Chanel Is Aiming for Hermes Status With Handbag Price Hikes
(Bloomberg) -- Chanel has raised global prices on some of its classic handbags by almost two-thirds since the end of 2019.
A spokeswoman said the hikes are in response to unspecified exchange-rate fluctuations, changes in production costs and to ensure its handbags cost roughly the same around the world. But luxury-sector executives and analysts say the magnitude of the increases signals an aggressive corporate strategy: asserting control over one of the brand’s most popular products while taking aim at higher-end rivals.
Since November 2019, the price of Chanel’s small classic flap bag in the U.S. has gone up by 60% to $8,200, according to data compiled by Jefferies Group analyst Kathryn Parker. The large version of the handbag known as the 2.55 now costs $9,500 in the U.S. following Chanel’s latest price hike, the brand’s fourth in two years. It cost $7,400 in June, according to Parker.
Charles Gorra, chief executive officer of Rebag, which sells pre-owned luxury purses, says the push could be aimed at making Chanel’s products more exclusive, to gain ground on the most iconic handbags of all: the Birkin and Kelly bags by rival luxury house Hermes.
A medium-sized Chanel flag bag in France now costs 7,800 euros ($8,800), 100 euros less than a Birkin 30 in Togo calfskin by Hermes.
Chanel is striving “to be part of the Hermes world and less of the Vuitton and Gucci world,” Gorra said. “They are trying to go upscale.”
Ubiquity Versus Exclusivity
In addition to making its products more expensive, Chanel is cracking down on the number of handbags customers can purchase at one time, though the limits don’t appear to be consistent.
In Paris, a Chanel sales assistant told a Bloomberg News reporter that a customer is only allowed to buy one bag at a time, and must wait two months before buying another one, which can’t have the same features.
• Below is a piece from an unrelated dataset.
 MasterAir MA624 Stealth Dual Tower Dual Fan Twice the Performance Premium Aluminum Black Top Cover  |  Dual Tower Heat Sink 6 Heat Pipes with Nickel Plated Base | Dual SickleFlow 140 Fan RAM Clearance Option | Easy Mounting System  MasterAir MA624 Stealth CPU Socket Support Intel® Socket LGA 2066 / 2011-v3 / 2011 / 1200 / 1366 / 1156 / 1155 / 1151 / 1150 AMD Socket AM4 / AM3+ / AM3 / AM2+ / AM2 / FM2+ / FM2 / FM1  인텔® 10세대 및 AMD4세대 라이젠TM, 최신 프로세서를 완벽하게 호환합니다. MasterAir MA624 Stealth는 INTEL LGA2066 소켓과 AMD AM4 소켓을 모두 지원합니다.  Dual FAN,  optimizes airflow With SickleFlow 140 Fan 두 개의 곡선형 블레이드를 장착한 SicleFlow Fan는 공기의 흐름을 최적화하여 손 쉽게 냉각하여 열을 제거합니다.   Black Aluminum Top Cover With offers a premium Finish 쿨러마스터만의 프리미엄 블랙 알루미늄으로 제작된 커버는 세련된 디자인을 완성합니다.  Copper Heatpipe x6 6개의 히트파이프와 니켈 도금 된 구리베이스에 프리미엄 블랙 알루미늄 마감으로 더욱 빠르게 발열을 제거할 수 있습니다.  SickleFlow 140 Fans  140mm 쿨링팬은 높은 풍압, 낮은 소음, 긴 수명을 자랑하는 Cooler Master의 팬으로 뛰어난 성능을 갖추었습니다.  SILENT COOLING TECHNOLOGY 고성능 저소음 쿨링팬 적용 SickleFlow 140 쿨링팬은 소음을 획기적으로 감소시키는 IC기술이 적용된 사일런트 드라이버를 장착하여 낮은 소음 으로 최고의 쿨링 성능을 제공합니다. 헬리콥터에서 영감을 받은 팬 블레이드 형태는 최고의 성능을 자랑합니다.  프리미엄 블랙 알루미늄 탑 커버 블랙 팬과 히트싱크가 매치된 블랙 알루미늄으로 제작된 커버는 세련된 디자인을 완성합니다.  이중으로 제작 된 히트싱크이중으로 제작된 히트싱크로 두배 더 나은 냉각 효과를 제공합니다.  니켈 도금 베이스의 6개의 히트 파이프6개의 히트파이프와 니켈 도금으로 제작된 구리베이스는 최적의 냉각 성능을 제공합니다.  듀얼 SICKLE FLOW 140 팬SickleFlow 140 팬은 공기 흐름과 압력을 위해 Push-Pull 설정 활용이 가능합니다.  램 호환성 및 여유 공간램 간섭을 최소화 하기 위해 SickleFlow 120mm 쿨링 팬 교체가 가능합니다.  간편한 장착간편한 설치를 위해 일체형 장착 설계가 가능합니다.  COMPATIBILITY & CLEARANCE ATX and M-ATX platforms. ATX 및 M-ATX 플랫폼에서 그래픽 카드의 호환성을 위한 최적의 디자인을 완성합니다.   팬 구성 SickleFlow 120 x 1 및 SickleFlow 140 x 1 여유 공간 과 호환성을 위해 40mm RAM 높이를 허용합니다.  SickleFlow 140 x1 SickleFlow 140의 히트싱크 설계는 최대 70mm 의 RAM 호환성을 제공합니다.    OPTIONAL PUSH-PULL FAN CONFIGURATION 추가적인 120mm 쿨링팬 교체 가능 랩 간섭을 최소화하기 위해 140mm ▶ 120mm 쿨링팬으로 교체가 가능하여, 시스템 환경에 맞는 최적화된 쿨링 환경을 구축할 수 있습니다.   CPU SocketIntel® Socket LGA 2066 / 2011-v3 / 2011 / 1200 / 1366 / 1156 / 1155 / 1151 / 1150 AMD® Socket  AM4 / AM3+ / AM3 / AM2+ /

In New York, there were monthly limits on the purchases of certain classic styles, while reporters in Hong Kong and Shanghai were told there were no restrictions.
Chanel could be hoping that this scarcity will make it “an even more desirable brand,” said Ines Ennaji, a business development manager at Paris-based Luxurynsight, which provides industry data. “By increasing desirability, they’ll have a reason to justify their price increases.”
Chanel’s purchasing limits and price increases are “like telling consumers, if you can purchase a handbag, you belong to the club,” Gachoucha Kretz, associate marketing professor at business school HEC Paris, said. “Its iconic bags are best sellers.”
But there are initial signs that Chanel’s changes are irking some shoppers, while enticing others to buy now to avoid future hikes.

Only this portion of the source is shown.